When next Bob was able to visit the Upper Camp, he found Thorne fully
established. He rode in from the direction of Rock Creek, and so through
the pasture and by the back way. In the tiny potato and garden patch
behind the house he came upon a woman wielding a hoe.
Her back was toward him, and a pink sunbonnet, freshly starched,
concealed all her face. The long, straight lines of her gown fell about
a vigorous and supple figure that swayed with every stroke of the hoe.
Bob stopped and watched her. There was something refreshing in the
eagerness with which she attacked the weeds, as though it were less a
drudgery than a live interest which it was well to meet joyously. After
a moment she walked a few steps to another row of tiny beans. Her
movements had the perfect grace of muscular control; one melted, flowed,
into the other. Bob's eye of the athlete noted and appreciated this
fact. He wondered to which of the mountain clans this girl belonged.

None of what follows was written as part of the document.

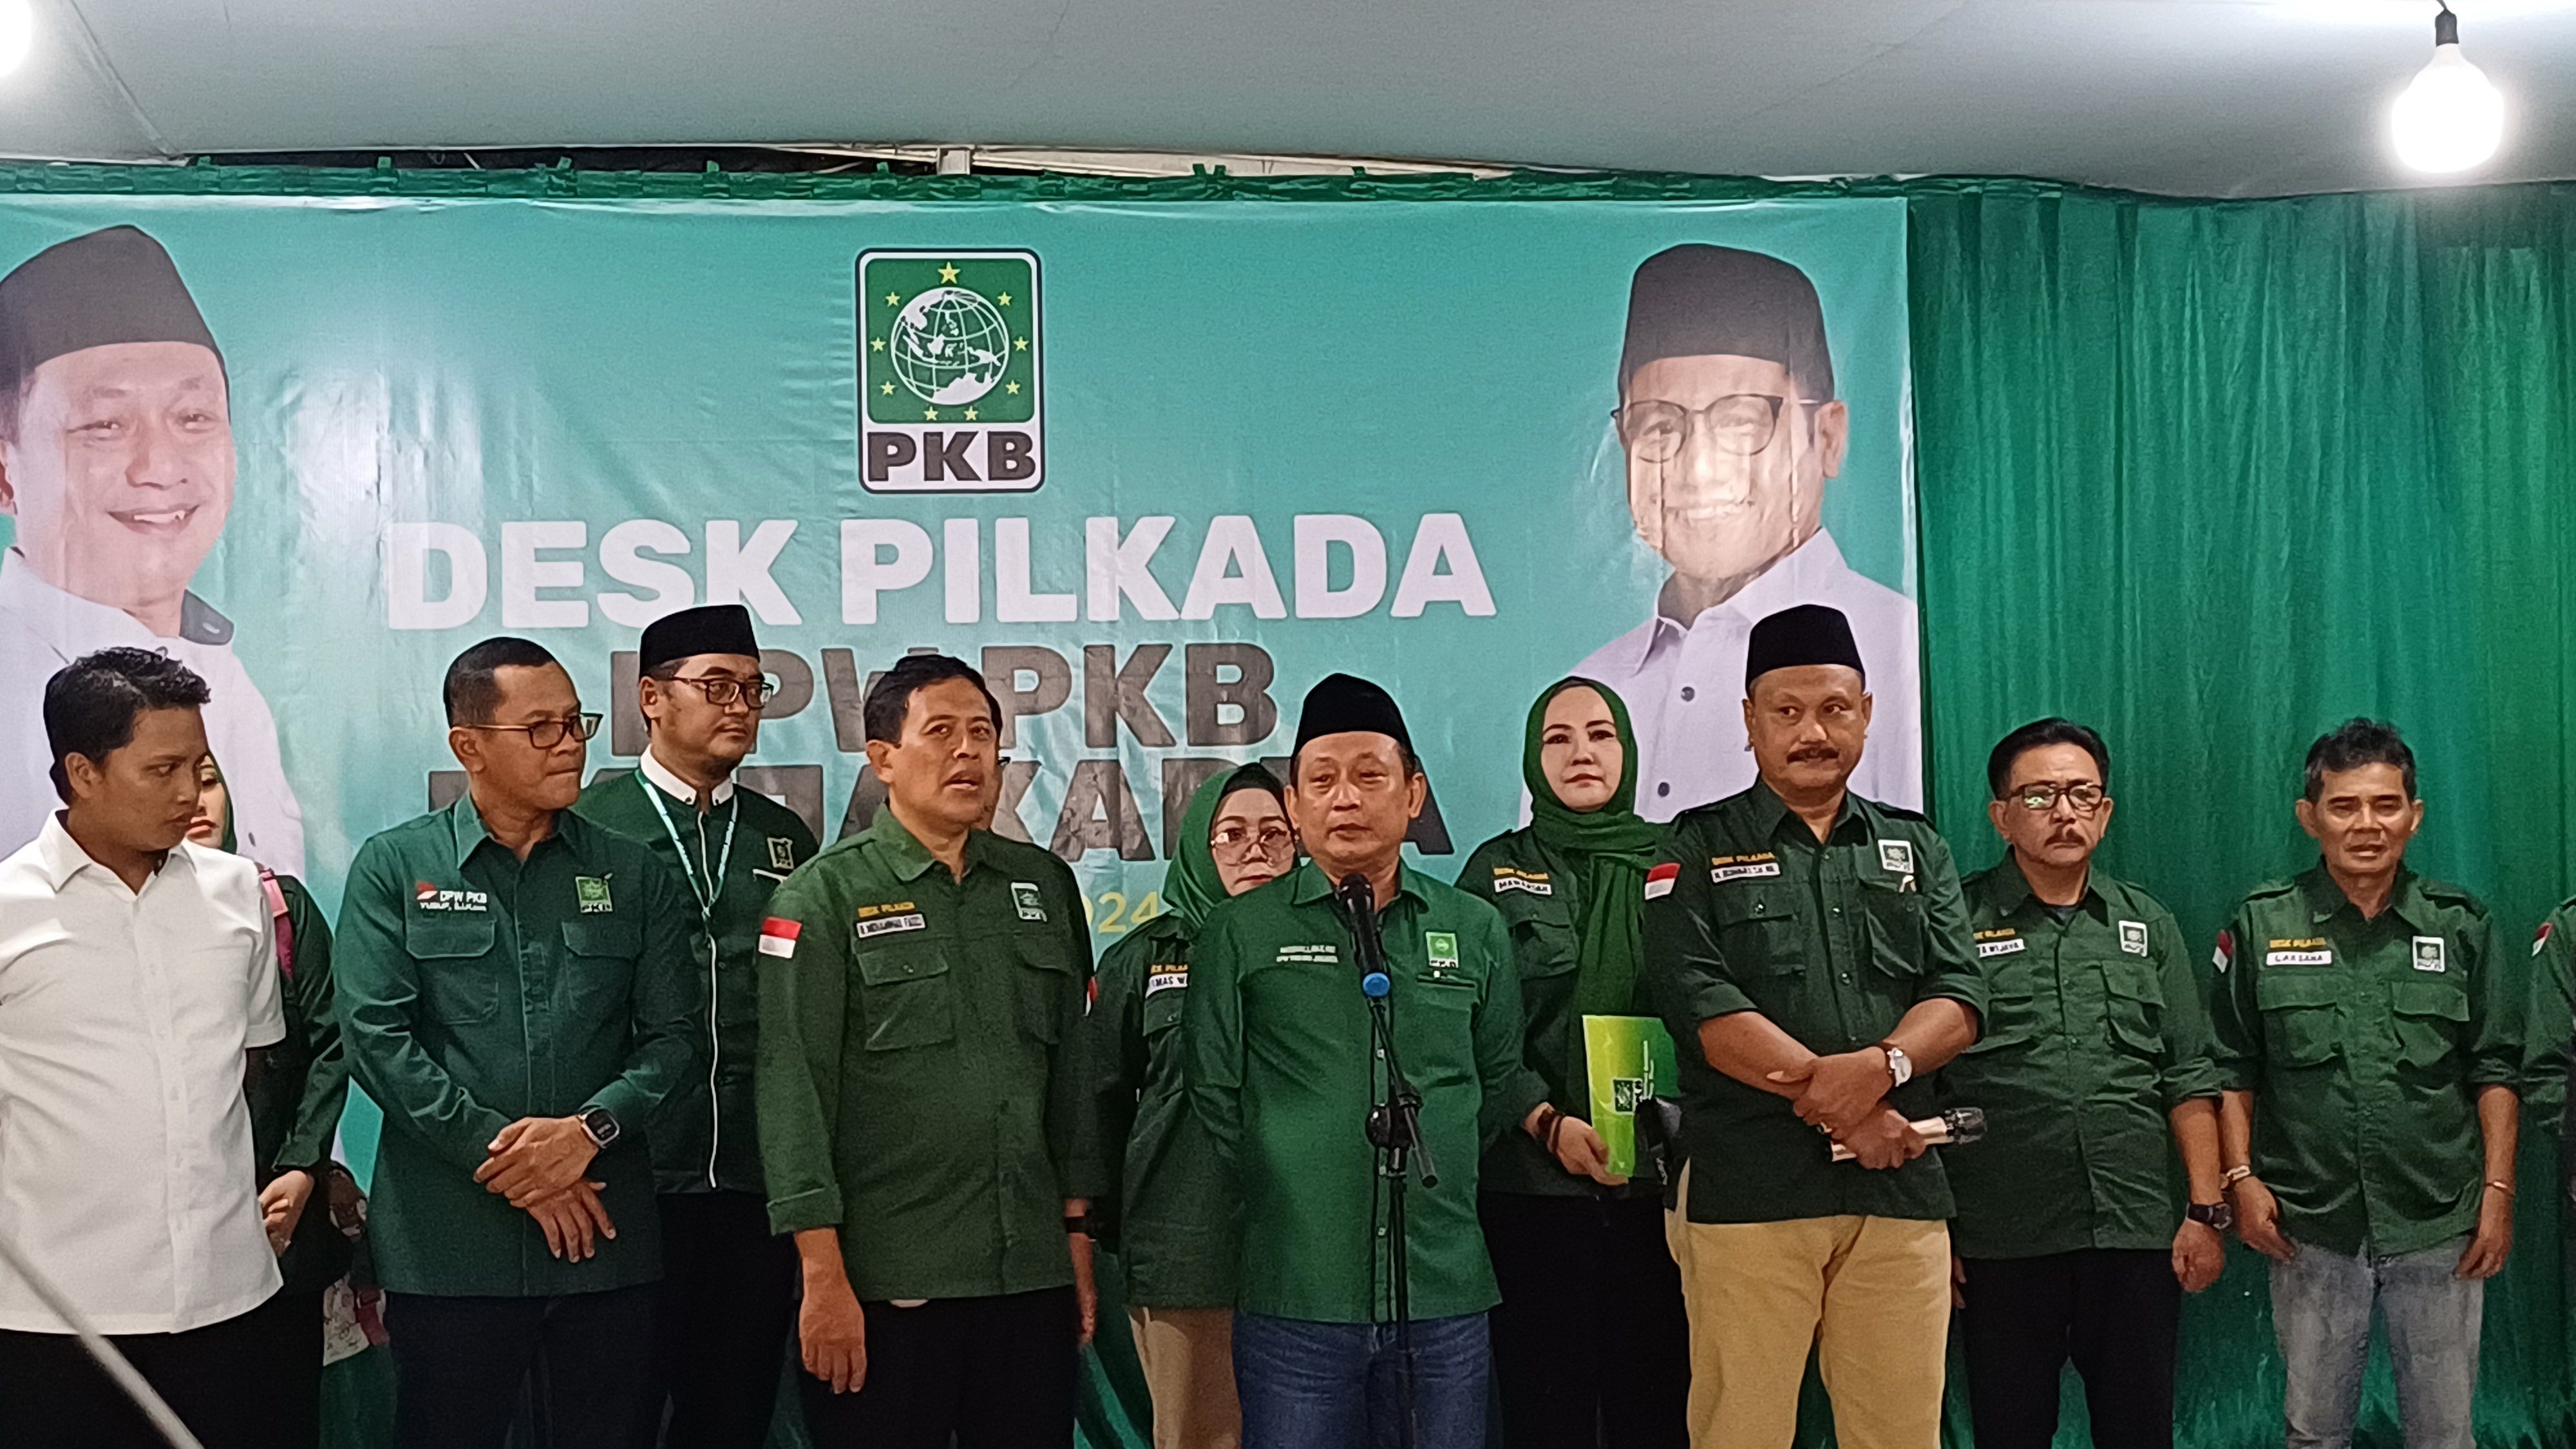 Manuver PKB pada Pilkada Jakarta: 2017 Dukung Ahok, 2024 Dukung Anies

Vigorous and breezy as were the maidens of the hills, able to care for
themselves, like the paladins of old, afoot or ahorse, they lacked this
grace of movement. He stepped forward.
The girl turned, resting the heel of her hoe on the earth, and both
hands on the end of its handle. Bob saw a dark, oval countenance, with
very red cheeks, very black eyes and hair, and an engaging flash of
teeth. The eyes looked at him as frankly as a boy's, and the flash of
teeth made him unaffectedly welcome.
"Why, no," replied the girl; "but I'm Mr. Thorne's sister. Won't I do?"
She was leisurely laying aside her hoe, and drawing the fringed buckskin
gauntlets from her hands. Bob stepped gallantly forward to relieve her
of the implement.
"Then I'm afraid I won't do," she said, "for I must cook dinner. You
see," she explained, "I'm Mr. Thorne's clerk, and if it were business, I
might attend to it."
Bob flushed to the ears. He was ordinarily a young man of sufficient
self-possession, but this young woman's directness was disconcerting.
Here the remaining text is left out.